To boost its loyalty program participants and encourage customers to avail the digital platform, McDonald's is expecting to deploy "Ready on Arrival," which is a digital enhancement initiative in the United States. This initiative will focus on enabling the crew to begin assembling a customer's mobile order before their arrival at the restaurant and is expected to be launched across the top six markets by 2025 end.

McDonald's believes that there is a huge opportunity to grow all its brands globally by expanding the company's presence in existing markets and entering new ones. Its expansion efforts continue to drive performance. In the first quarter of 2024, the company opened 6,000th restaurant in China, on track to fulfill its global expansion plan.

MCD is planning to open more than 2,100 new restaurants globally in 2024, including 500 openings in the United States and IOM segment and 1,600 (including nearly 1000 in China) inaugurations in the IDL market. The new unit growth aim for 2024 showcases about 4% contribution to new unit growth (net of closures). Also, the company expects net restaurant unit expansion to contribute nearly 2% to 2024 systemwide sales growth. It targets to open 50,000 restaurants by 2027.

This Zacks Rank #3 (Hold) company continues to impress investors with robust comps growth. In the first quarter of 2024, global comps increased 1.9% compared with a rise of 12.6% reported in the prior-year quarter. In the quarter, the company's comparable sales grew more than 30%, marking the 13th consecutive quarter of positive comparable sales growth, compared with the past four years.

The uptrend was backed by average check growth driven by strategic menu price increases, successful restaurant-level execution, effective marketing campaigns featuring the core menu and continued digital and delivery growth.
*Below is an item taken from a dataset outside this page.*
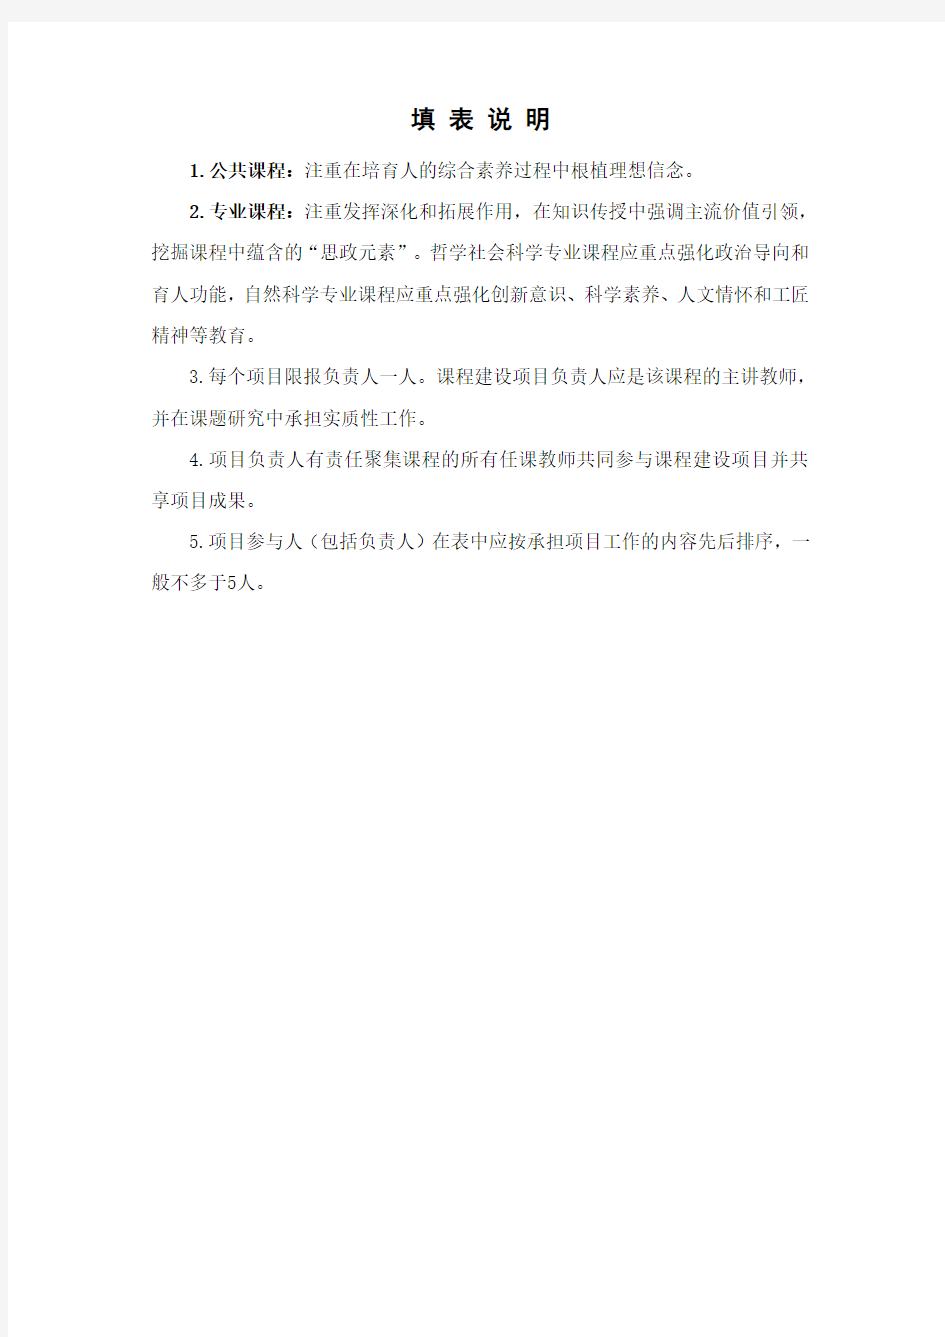 广州大学研究生课程思政示范课程建设立项申报书

Also, the effective implementation of the Accelerating the Arches strategy added to the uptick.

Concerns

The persisting inflationary pressures are likely to hurt the company's margins. In the first quarter of 2024, margins suffered due to continued pressure from elevated commodities and wages. In the first quarter, McDonald's company-operated restaurant expenses were $2.04 billion, up 6% from $1.92 billion reported in the prior-year quarter. A challenging macro environment, including rising interest rates, remains headwinds.

Given the ongoing inflationary headwinds, MCD expects the operating margin to remain pressurized in the near term. The company expects commodity and food and paper inflation to be at the higher end in 2024. Also, it expects labor inflation to be in the high single digits.

Key Picks

Wingstop Inc.sports a Zacks Rank #1 (Strong Buy) at present. You can see the complete list of today's Zacks #1 Rank stocks here.

It has a trailing four-quarter negative earnings surprise of 21.4%, on average. The stock has surged 112% in the past year. The Zacks Consensus Estimate for WING's 2024 sales and earnings per share (EPS) indicates a rise of 27.5% and 36.7%, respectively, from the year-ago levels.

Brinker International, Inc.currently sports a Zacks Rank #1. It has a trailing four-quarter earnings surprise of 213.4%, on average. EAT's shares have risen 85.4% in the past year.

The Zacks Consensus Estimate for EAT's 2024 sales and EPS indicates 5% and 41.3% growth, respectively, from the year-earlier actuals.